Put the reporting in the hands of the users for practical insights. Often, the power of Salesforce analytics is available only to managers and executives. In some cases, that may be a mistake. Corey Crellin, Senior Manager of Product & Operations at Prosper Healthcare Lending explains how using dashboard reports evolved from an executive function to a cross-company affair. One quarter, Crellin opened the Salesforce reporting permissions across the company with amazing results.

“We had good ideas,” says Crellin of the Senior Managers, “but the people on the front lines had even better ideas...they were finding new metrics and new ratios and a lot of those ratios that came from that quarter are ratios that are critical to us now.” While Crellin admits that open permissions might not work in every instance, Prosper continues to keep broad permissions.

Reflect company and individual goals through dashboards. Along with open permissions, sharing company goals through dashboard reporting empowers sales and produces results. Paul Leary, President of Bespoke Collection, uses Salesforce for all functions of his artisanal wine company. By making a report that shows his sales team the gross margins on each product, Leary gives his agents latitude to steer sales in the best interest of the company. Sales reps have a sales goal and a gross margin goal, measures that are easily tracked in dashboards.

Use gamification to make it fun. Using Salesforce analytics and understanding the metrics helps managers know what actions to encourage. Crellin knows that from X number of calls, they will get X number of opportunities. “If you can grow the bottom part of your sales funnel, it impacts your revenue,” explains Crellin. Because he knows number of calls are related to number of opportunities, he takes action to increase the number of calls.

Competitions with real-time results adds excitement—and results—to your bottom line. Crellin placed flat screen TVs throughout the office and projected automatically updated dashboard results of who had made the most calls. Crellin explains his strategy when using dashboard metrics: “Our first priority is to get the right data. Our second priority is to get it out there.” The gamification makes sales reps’ jobs more fun and also motivates lower performers, he says.
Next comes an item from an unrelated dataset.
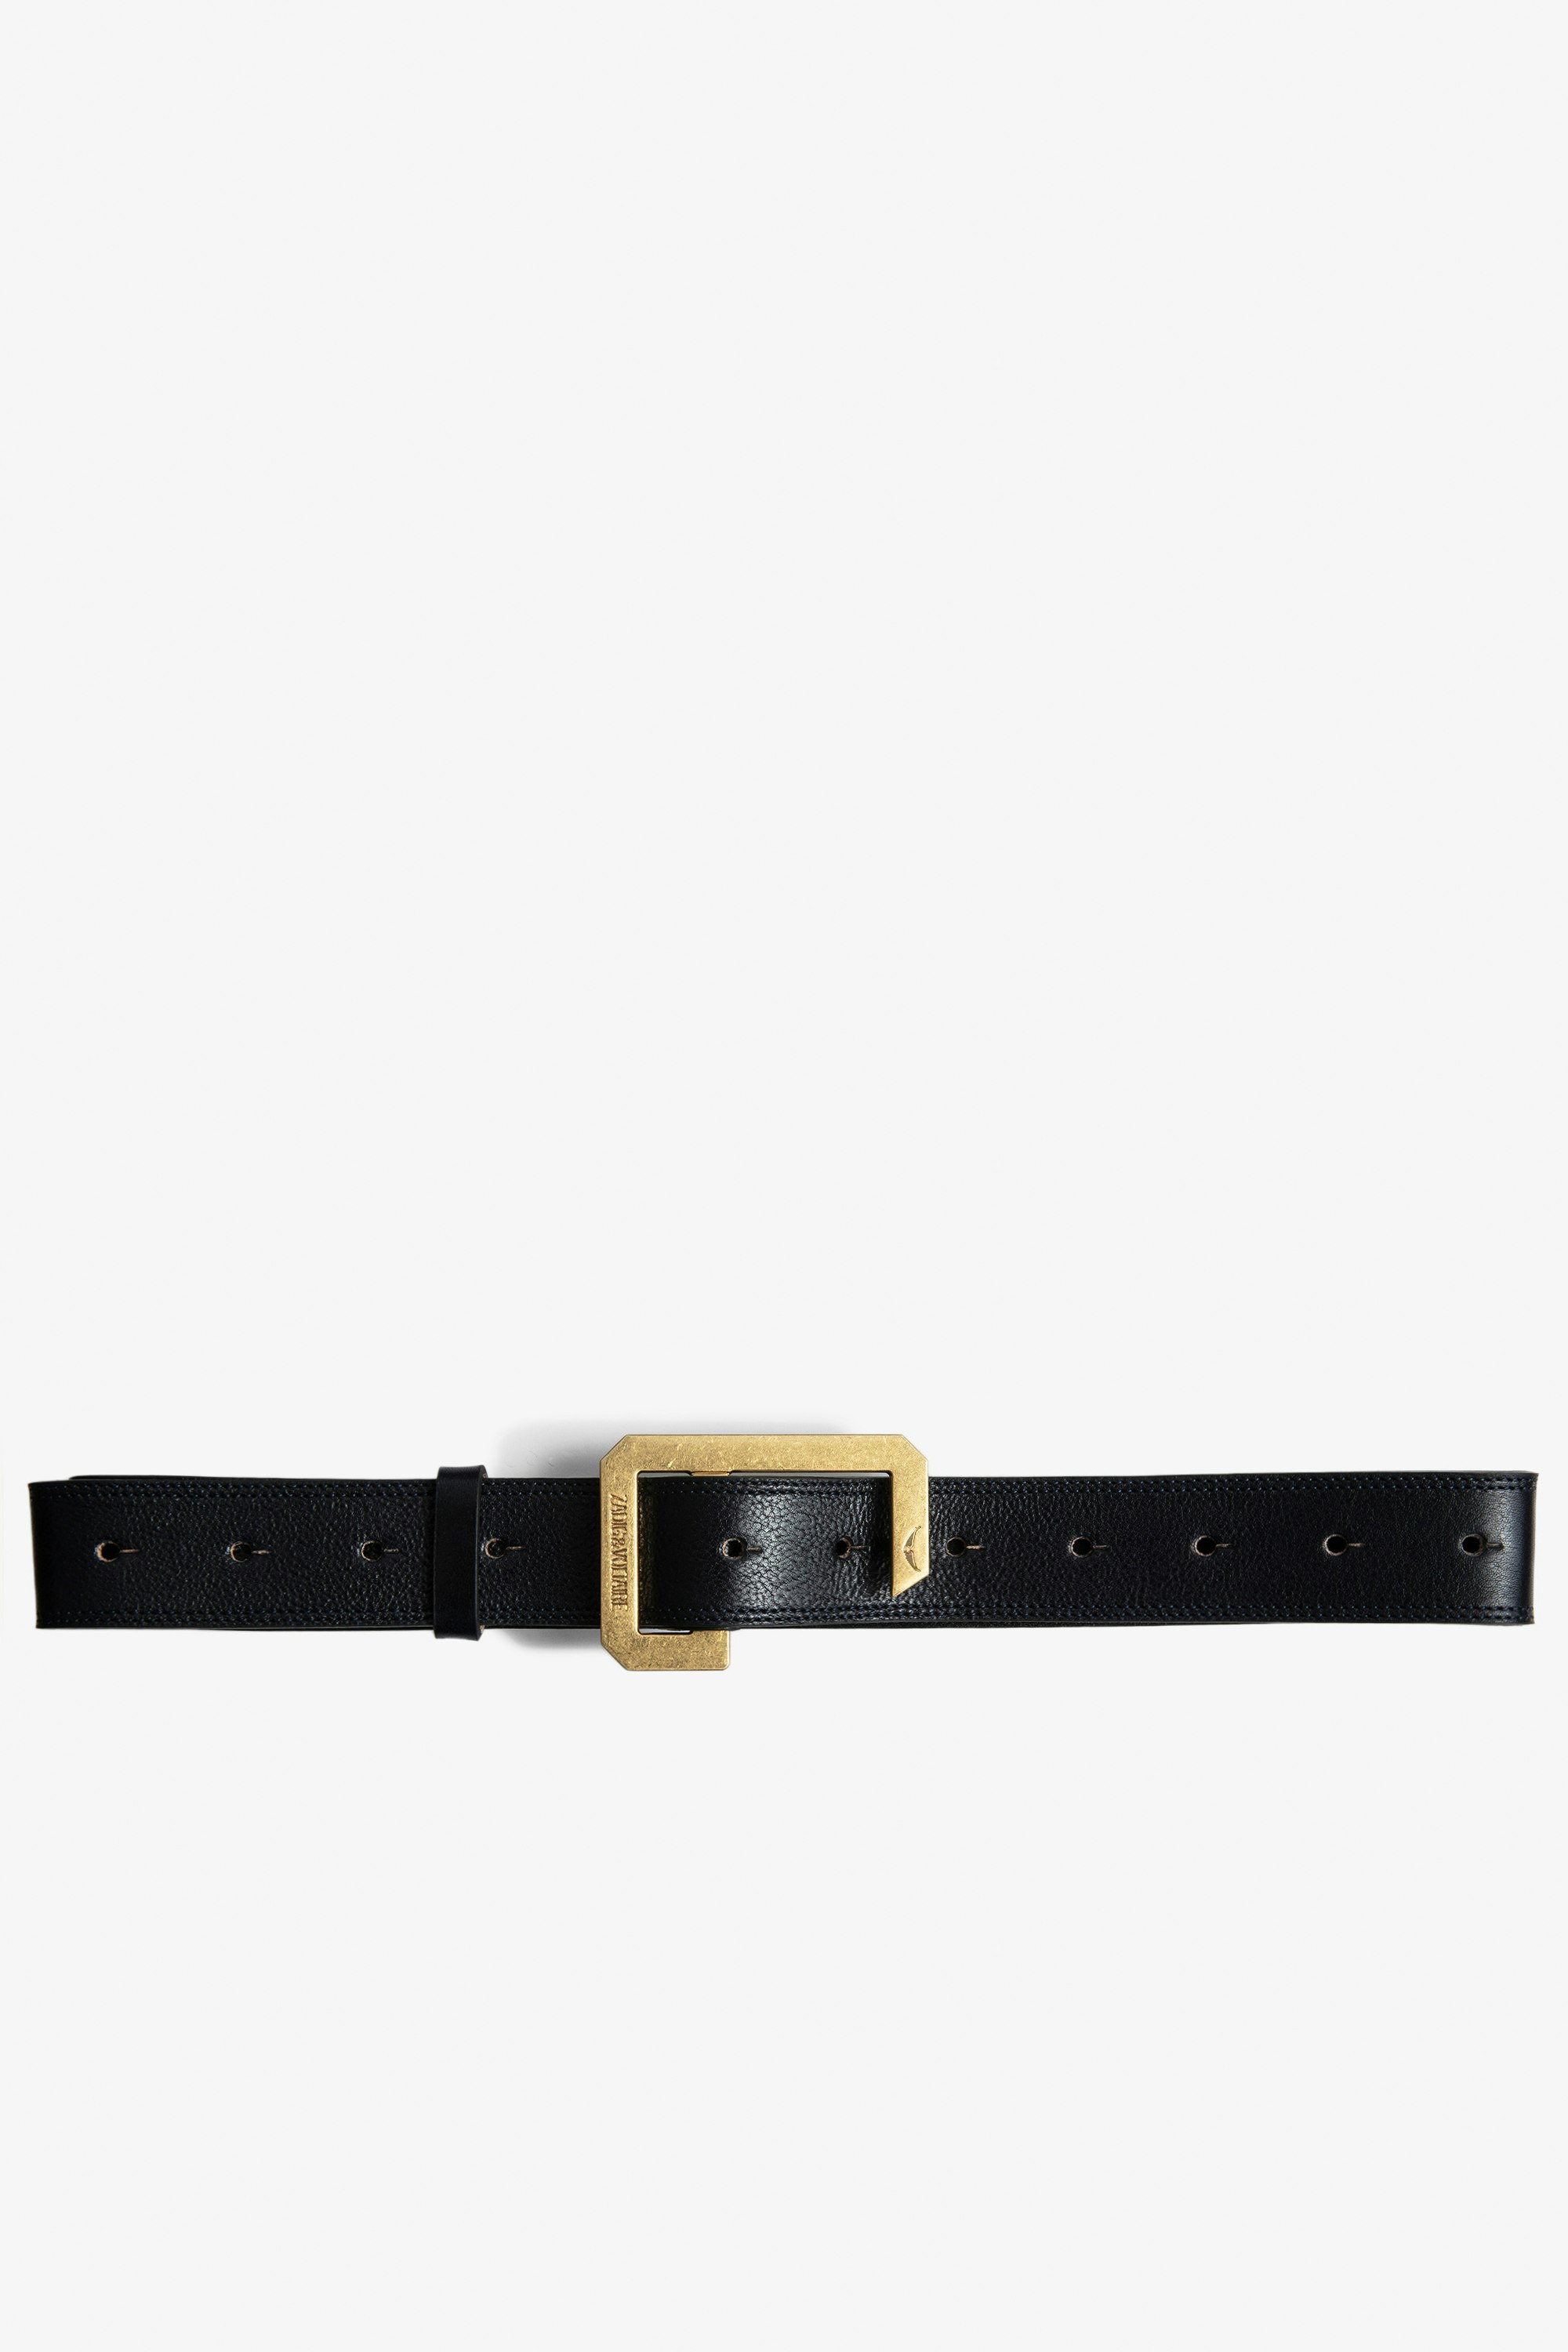 La Cecilia 35 mm Belt - Women's adjustable leather belt with C-shaped buckle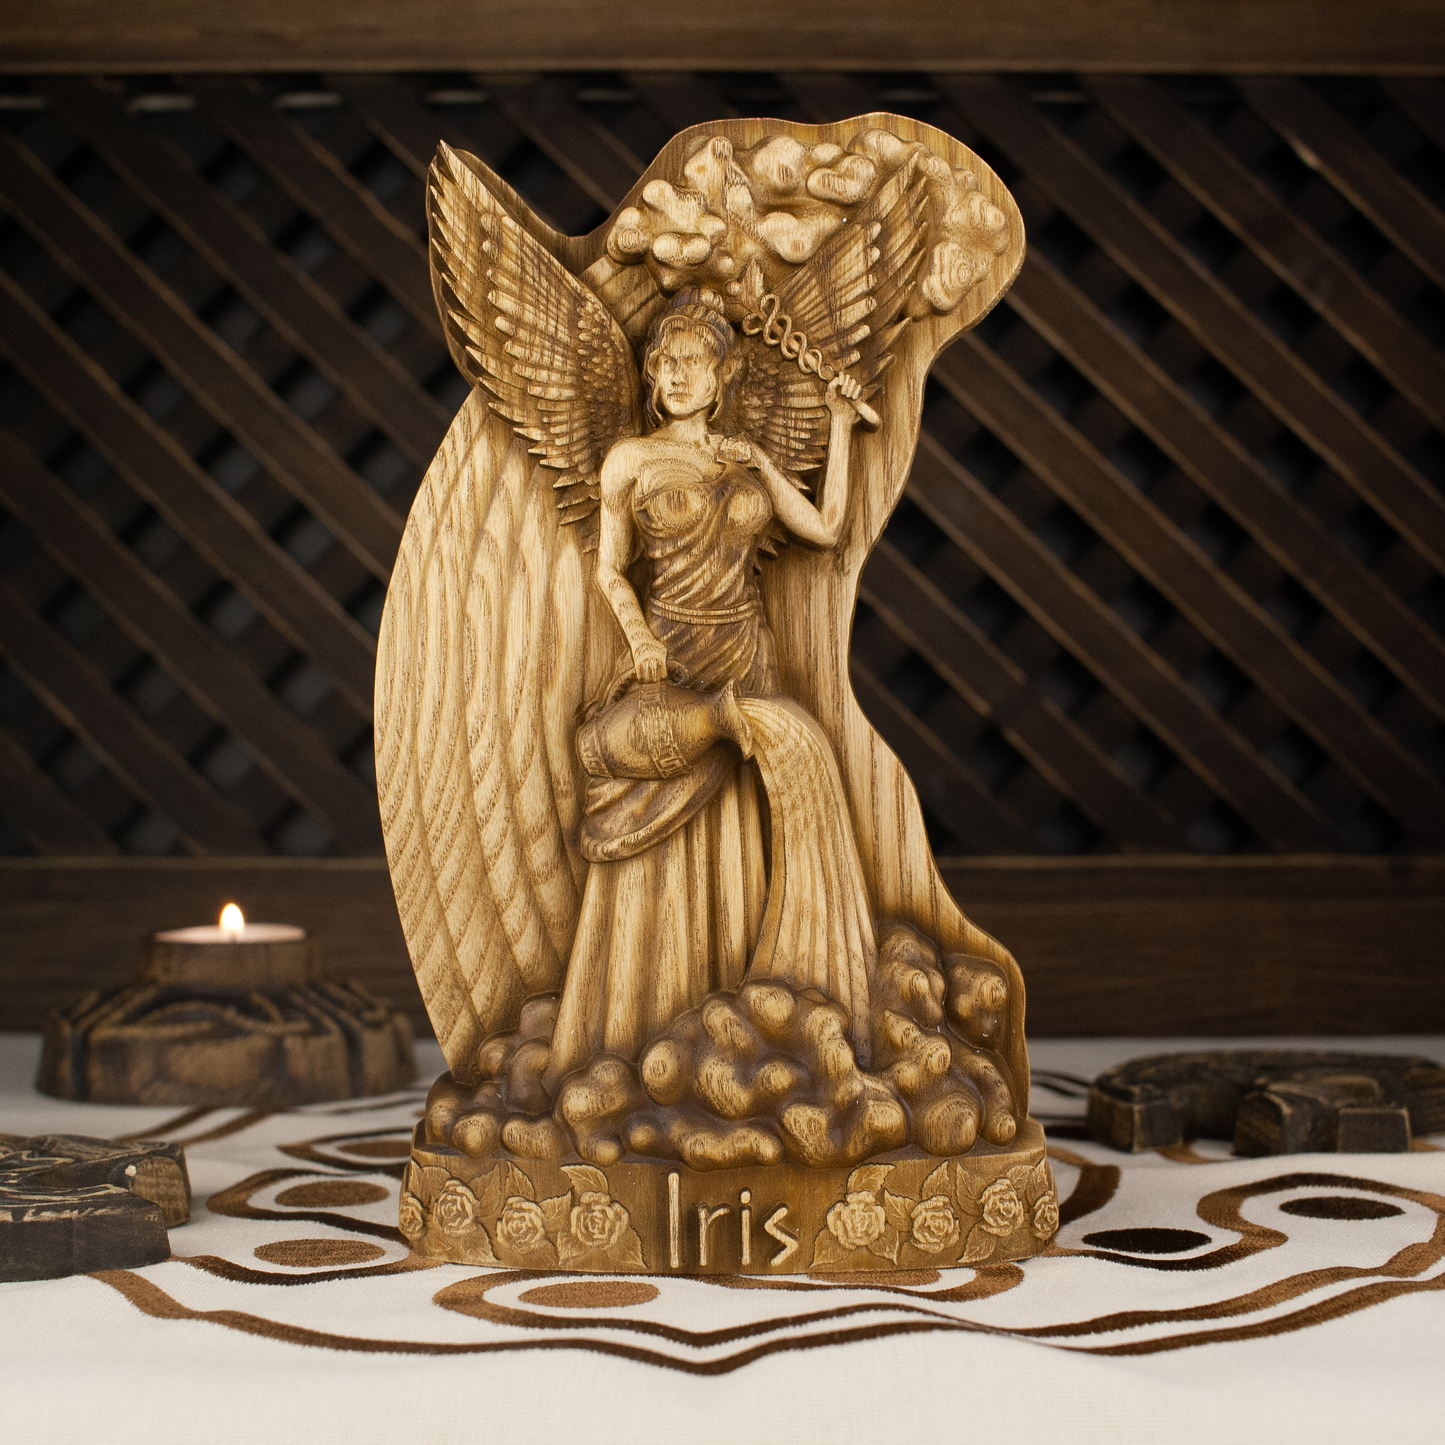 Iris Greek goddess statue, Greek sculpture Greek mythology Wooden statue Wood carving

Keep the long-term vision. Keeping the vision for your company means seeing the longer view. Dashboards can be your guide through a long-term plan. “You’ve got to map it out and give yourself a 5-year vision of what you want it to be,” advises Leary who has 1.5 developers on staff and stresses the importance of committing the resources for CRM development. Leary uses Salesforce for all aspects of his business including marketing and inventory and sales. “We’re an SMB but we’ve committed to grow...through a strategic advantage like Salesforce,” says Leary.

Crellin explains the possibilities of using Salesforce analytics to run your business. “If you can think of it, you can probably do it. There are awesome online resources,” Crellin says of the possibilities of metrics and reporting. But just because you can create an impressive array of reports with Salesforce dashboard reporting, doesn’t mean you should. At least not all at once. Crellin’s advice: “Pick 3-5 things you want to know. Schedule the report/dashboard to be sent. Try that out for a month.”

Ultimately, using dashboards to increase revenue comes down to using the right measures to compare your vision of your business to the the reality. Not only does real-time dashboard reporting give a visual picture of your company’s numbers, it can drive your focus to align with your values and vision.